Step 1. Create source Kafka connection. When creating connection select Debezium as CDC provider. Enter a wildcard topic name in the format database_server_name.database_name.*.

Step 2. Create a JSON format with all default settings.

Step 3. Create a connection to the destination database. Disable the auto-commit.

Step 4. Create a new flow by selecting Stream data from queue to database from the gallery.

Step 5. Add a new source-to-destination transformation where:

  • the FROM connection is the connection to Kafka created in step 1.
  • the FROM format is the JSON format created in step 2.
  • the FROM is a topic name for the specific table.
  • the TO is a destination table name.
  • the TO connection is the destination database connection created in step 3.

debezium-cdc-transformation.png

Step 6. Click the MAPPING button, select Parameters tab and configure the following parameters:

  • Stream Data – enabled
  • Use Bind Variables – enabled
  • Create Tables and Adjust Fields – enabled
  • Action – Record
  • Lookup Fields – the unique field(s) for the record.
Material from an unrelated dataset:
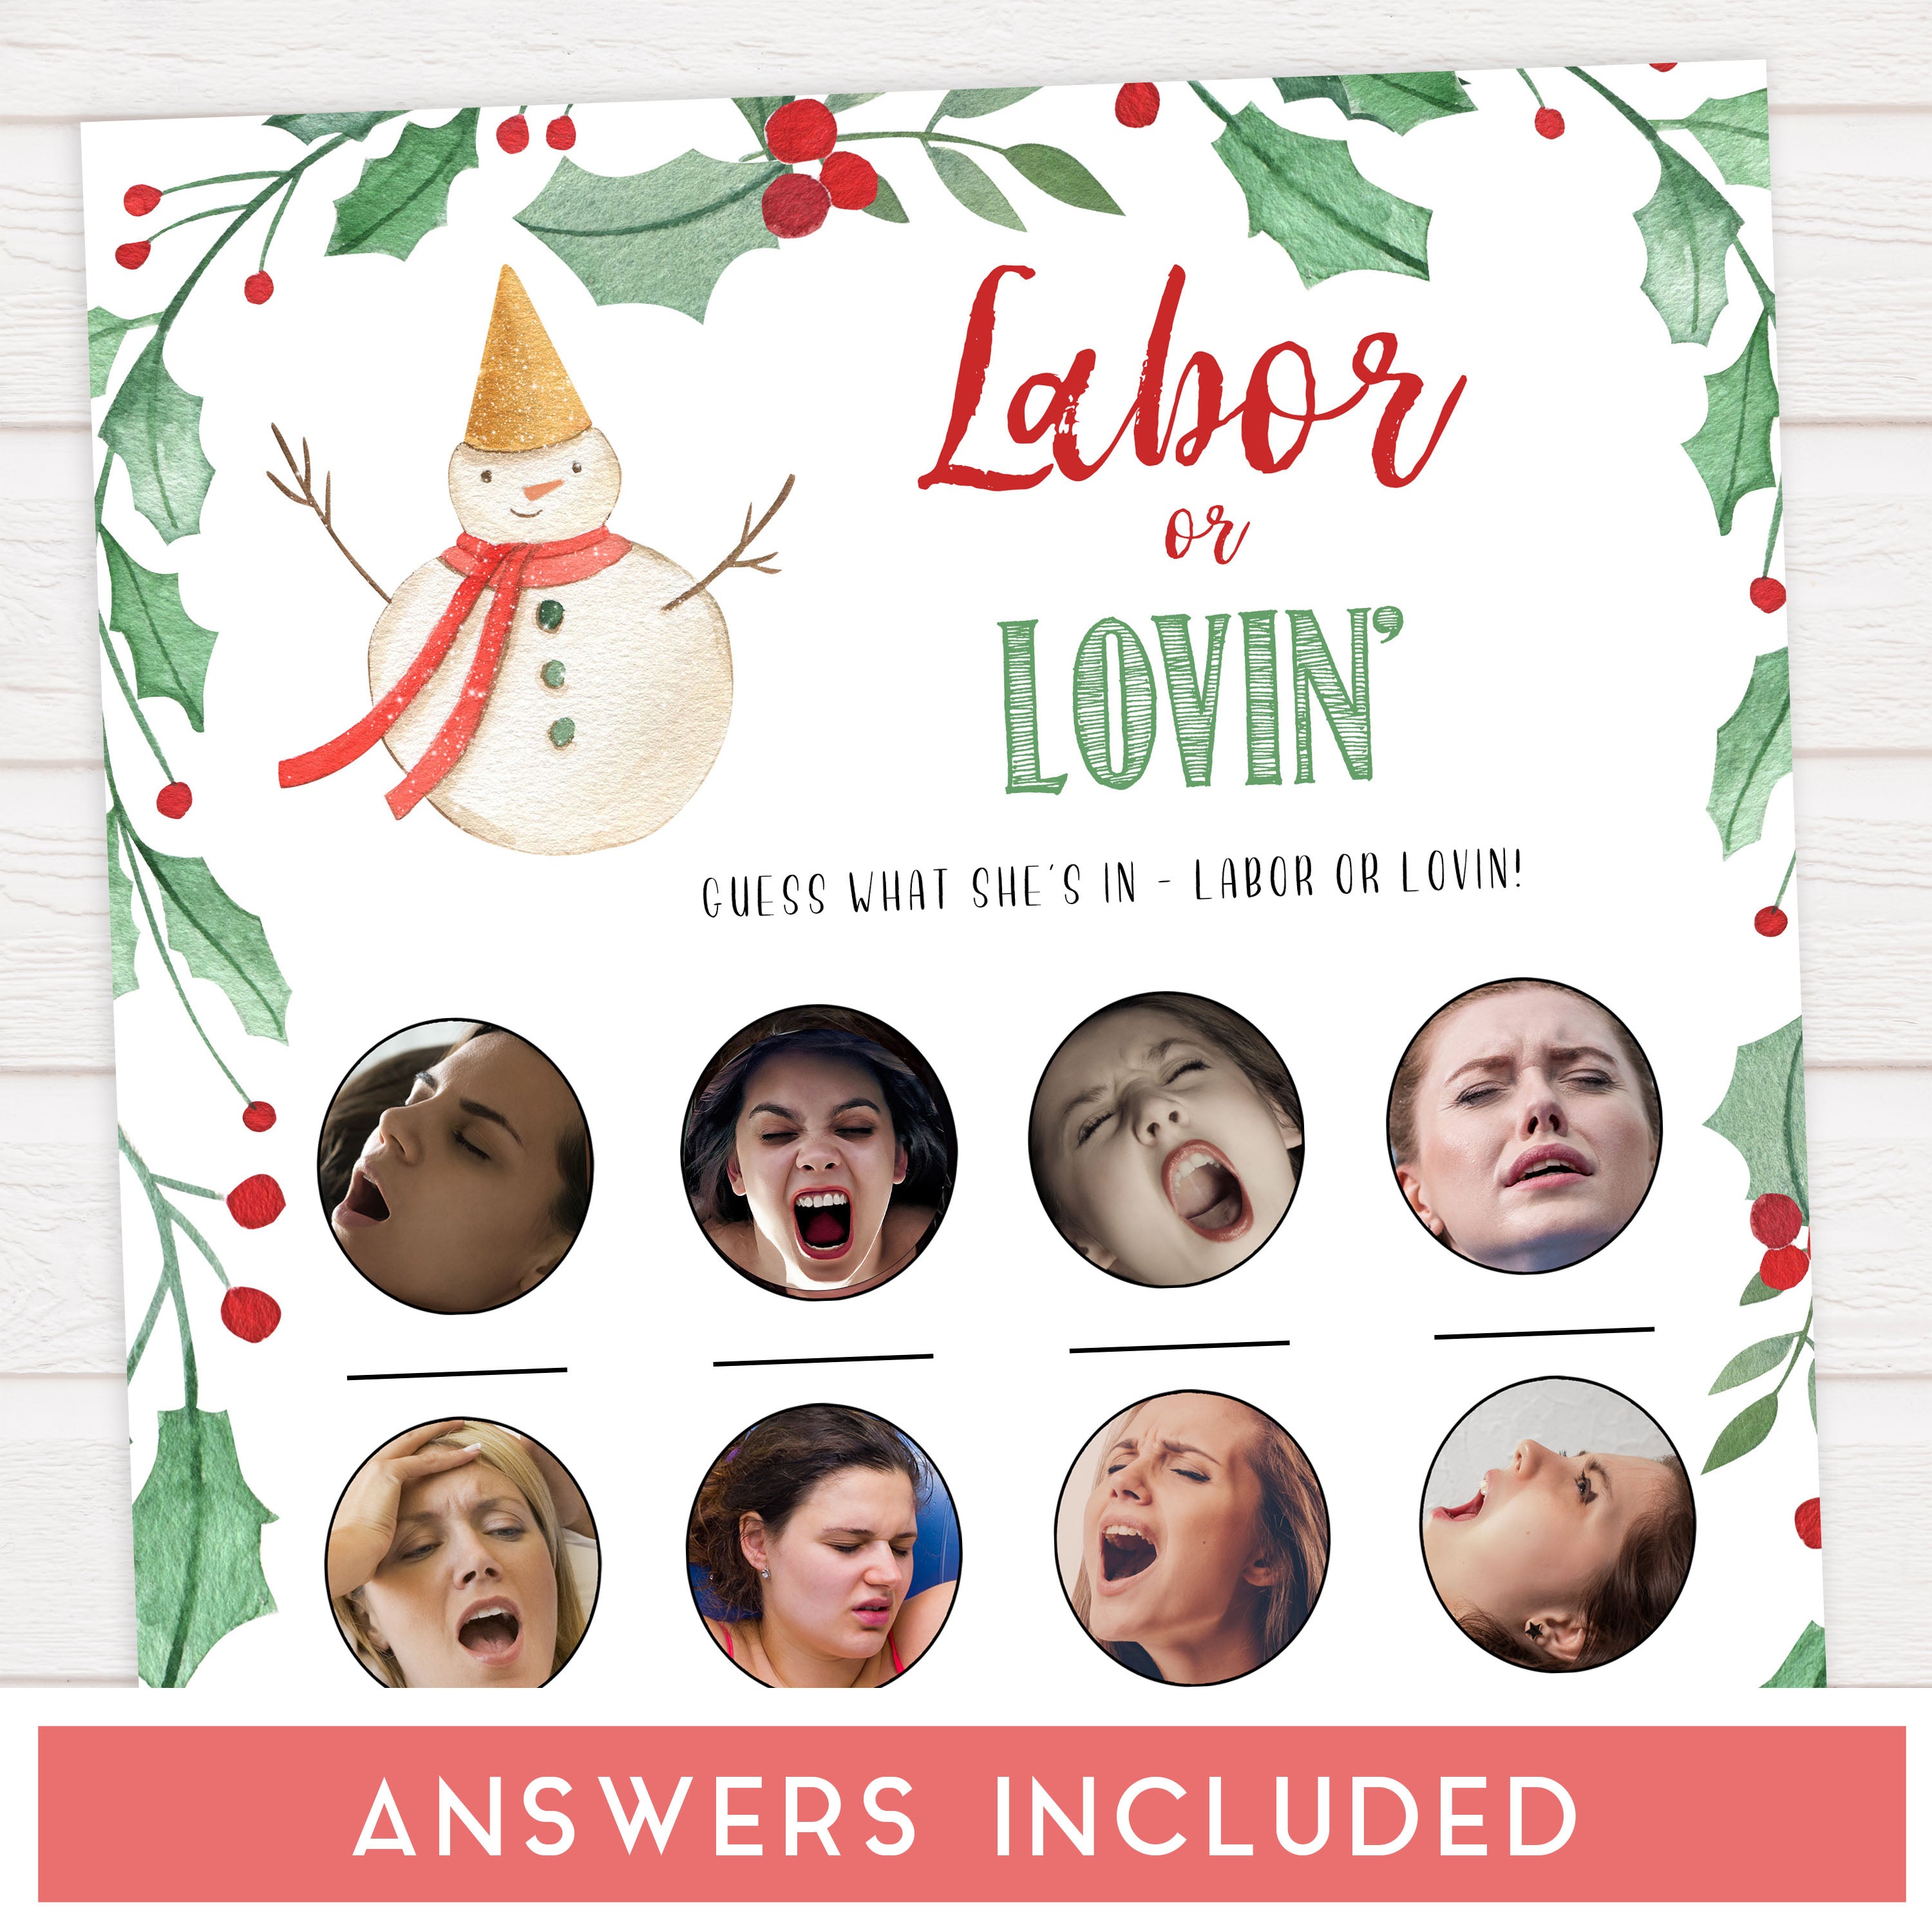 Christmas baby shower games, labor or lovin, labor or porn game, festive baby shower games, best baby shower games, top 10 baby games, baby shower ideas, baby shower games

In our example the unique field is ID.

cdc-transformation.png

Step 7. If the foreign constraints are disabled (or do not exist) in the destination database, you can enable processing of each transformation in a parallel thread.

parallel-cdc.png

Step 8. Add the source-to-destination transformations for all tables with enabled CDC. You can duplicate the existing transformation and change the topic name (the format is server_name.database_name.table_name), the destination table name, and the lookup field(s).

4. Schedule the flow

Schedule the flow to be executed in real-time.